7. The plaintiff engaged another process server one, Wilfred Nyakundi to effect fresh service of summons to enter appearance upon the defendants. According to his affidavits of service sworn on 12th August 2005 and filed in court on 22nd August 2005, he stated that he served the defendants with summons to enter appearance on 15th July 2005 at their homes situated next to Daraja Mbili Primary School and that they accepted service but refused to acknowledge receipt of the summons. Again the court was not satisfied with this service for the same reason that it had rejected the earlier service. This process server did not also indicate in his affidavit how he identified the defendants. The plaintiff was forced to serve summons to enter appearance upon the defendants through another process server. This time round, they engaged Peter Nyanusi Moenga. In his affidavit of service sworn on 27th December 2005, he stated that he served the defendants with summons to enter appearance on 28th November 2005 at around 9. 30am at their homes situated near Daraja Mbili Primary School and that both accepted service but declined to acknowledge receipt of the summons. He stated further that the defendants were known to him at the time that he effected service upon them. The defendants did not enter appearance following the service of summons that were effected upon them through the three (3) process servers aforesaid. On the basis of the last affidavit of service by Peter Nyanusi Moenga, interlocutory judgment was entered in favour of the plaintiff against the defendants in default of appearance on 13th April 2006 after a lapse of over one year from the date when the suit was filed.

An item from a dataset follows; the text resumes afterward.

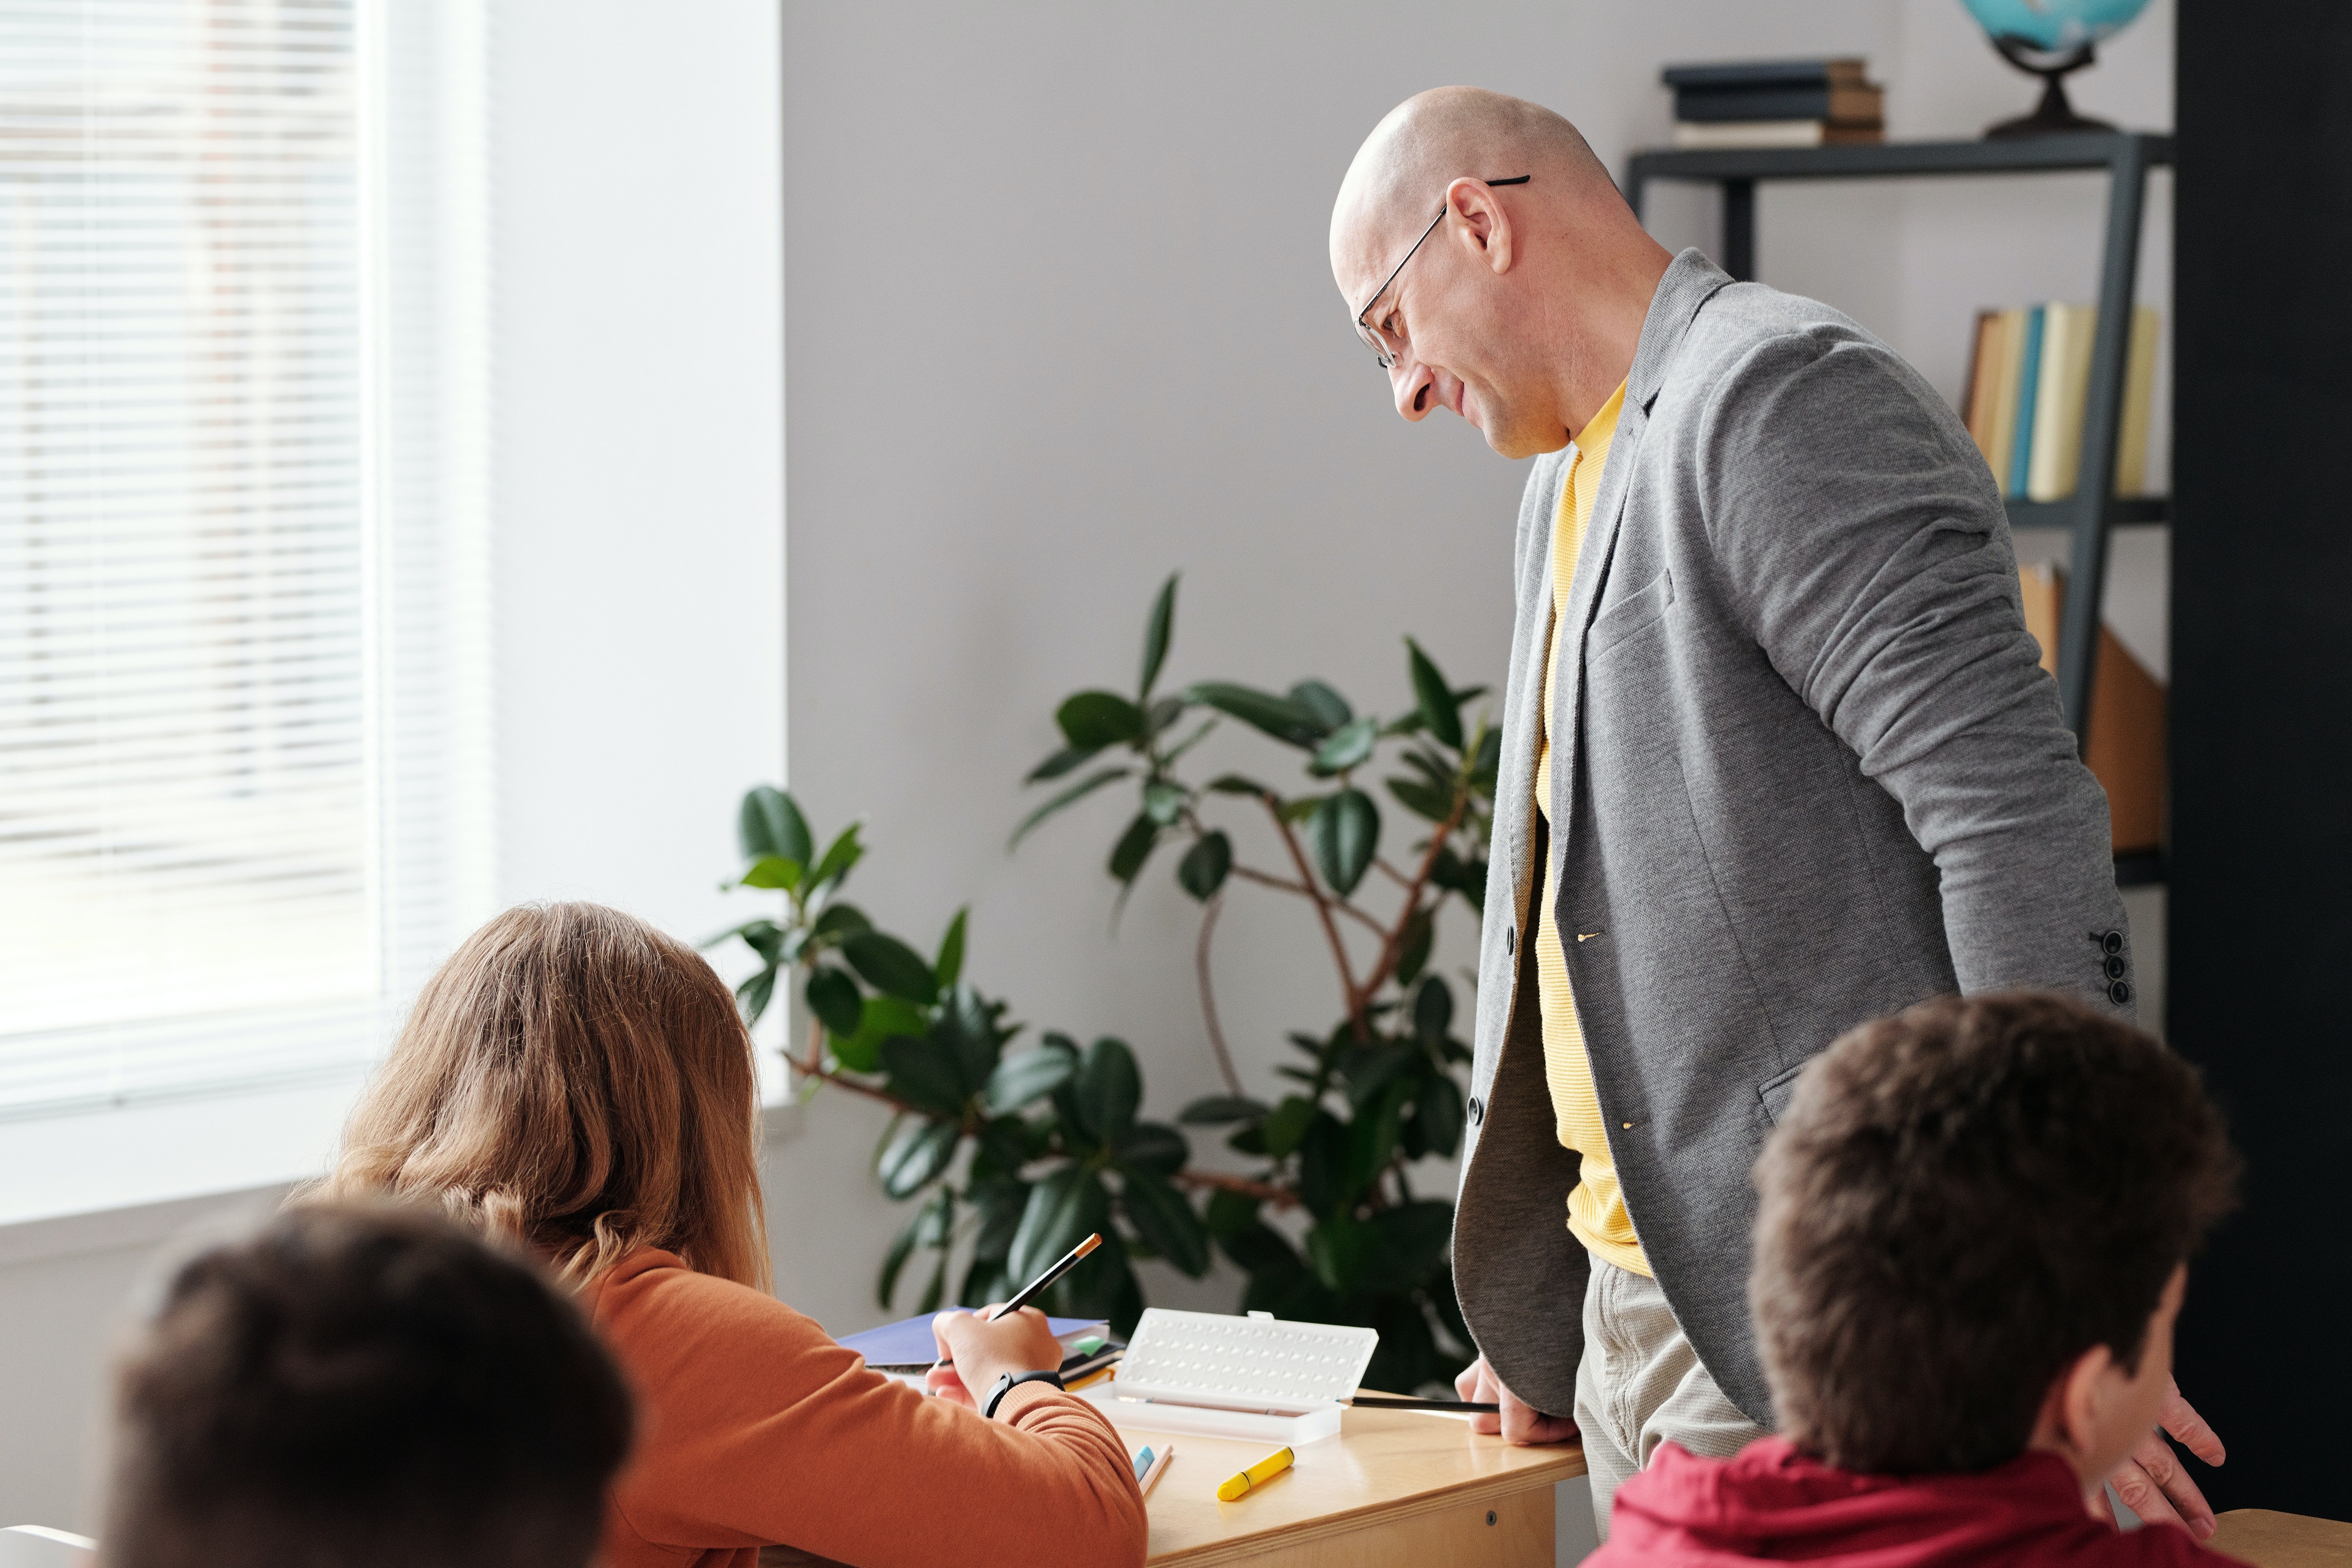 Pictured - A teacher looking over his student | Source: Pexels

8. The suit was thereafter set down for formal proof on 23rd July 2013. Although it was not necessary to serve the defendant with a hearing notice, the plaintiff caused a hearing notice to be served upon them through yet another process server one, Isaiah Miruka. In his affidavit of service that was sworn on 17th July 2013 and filed in court on 23rd July 2013, the said process server stated that he served a hearing notice dated 2nd July 2013 upon the defendants on 9th July 2013 at Daraja Mbili Market and that the defendants accepted service but refused to acknowledge receipt of the said hearing notice.
9. The hearing of the suit proceeded and the plaintiff gave evidence and called one witness. The plaintiff’s witness was the defendants’ father, Momanyi who told the court that he sold the suit property to the plaintiff at a consideration of kshs. 500,000/= and that the defendants herein had refused to vacate and hand over the property to the plaintiff even after he had requested them to do so. He urged the court to grant an order for the eviction of the defendants from the suit property. Momanyi had recorded a witness statement earlier that was filed in court on 3rd January 2013 in which he had stated what he told the court in his testimony on 23rd July 2013. The court considered the evidence that was adduced by the plaintiff and his witness and in a judgment that was delivered on 24th January 2014 found that the plaintiff had proved his claim against the defendants and gave an order for their eviction from the suit property.

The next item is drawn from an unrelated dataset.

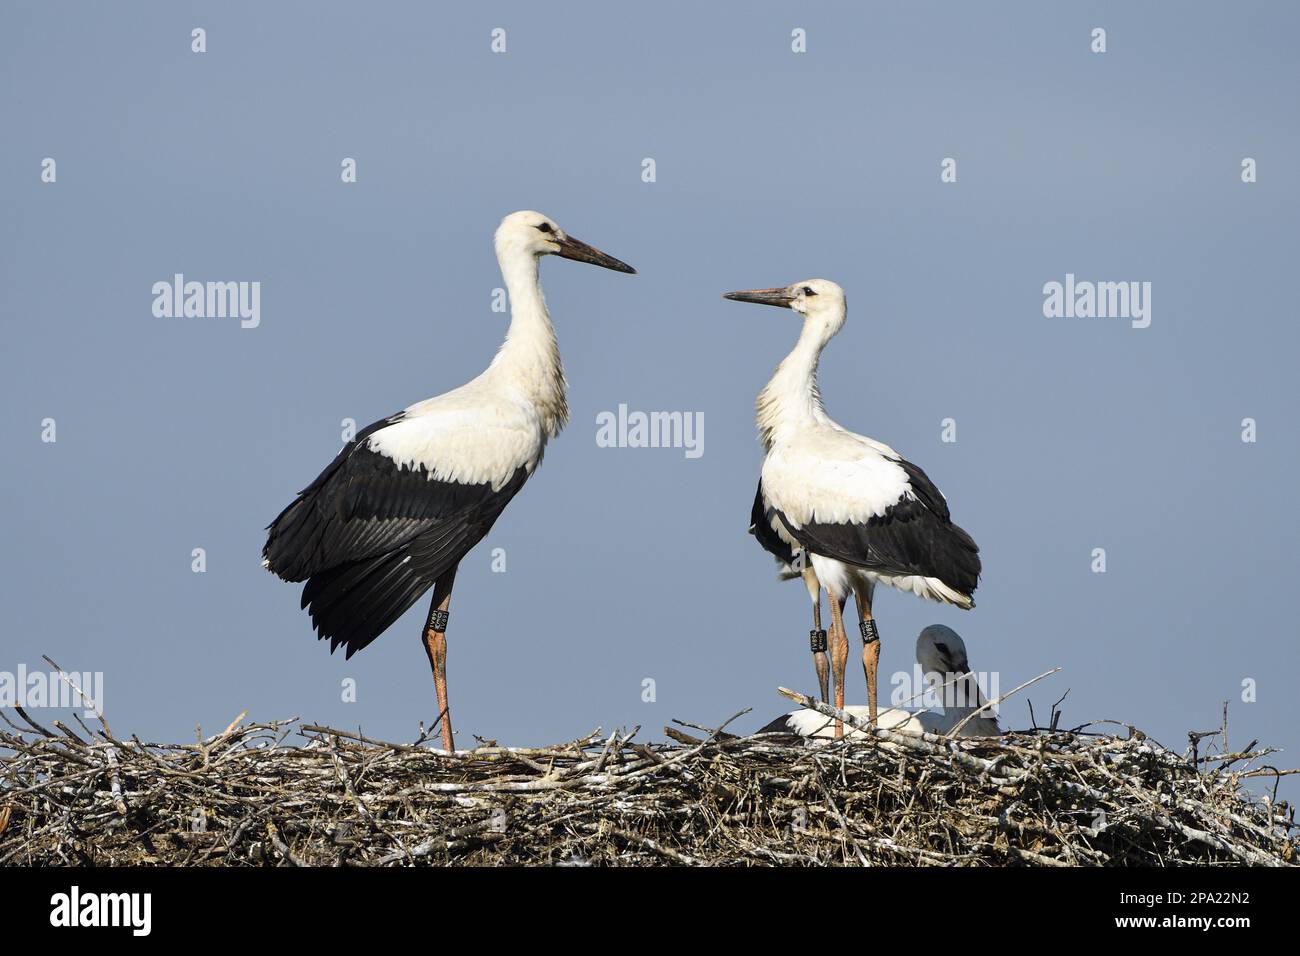 White Stork (Ciconia ciconia), adult and young birds in nest, two young birds threatening each other, Anholt, Lower Rhine, North Rhine-Westphalia Stock Photo

10. The 2nd defendant died after judgment had been entered herein. His widow’s attempt to inter his remains on the suit property was stopped by this court in separate proceedings in Kisii ELCC No. 34 of 2014, Peterson Moturi Moranga -vs- Alice Moraa Morara. The restraining order was made in that suit on 10th March 2014. After the ruling by the court in that suit, the 1st defendant brought the present application on 26th March 2014 contending as I have mentioned earlier in this ruling that he was not served with summons to enter appearance and that he has a good defence to the plaintiff’s claim. It is on account of the foregoing that he has sought the setting aside of the judgment entered herein on 24th January 2014. I have highlighted at length the attempts that were made by the plaintiff to serve the summons to enter appearance upon the defendants herein. There are a total of three (3) affidavits of service by different process servers stating that they served the defendants with the summons to enter appearance that were issued herein. Of the three (3) affidavits of service, the 1st defendant has only contested one, by Wilfred Nyakundi that was not even the basis upon which interlocutory judgment was entered against the defendants. The 1st defendant has not contested the affidavits of service by Simon Tegere Ntabo and Peter Nyanusi Moenga sworn on 8th June 2005 and 27th December 2005 respectively. The 1st defendant has also not contested the affidavit of Isaiah Miruka sworn on 17th July 2013 in which he stated that he served the defendants with a hearing notice for the formal proof that was scheduled for 23rd July 2013.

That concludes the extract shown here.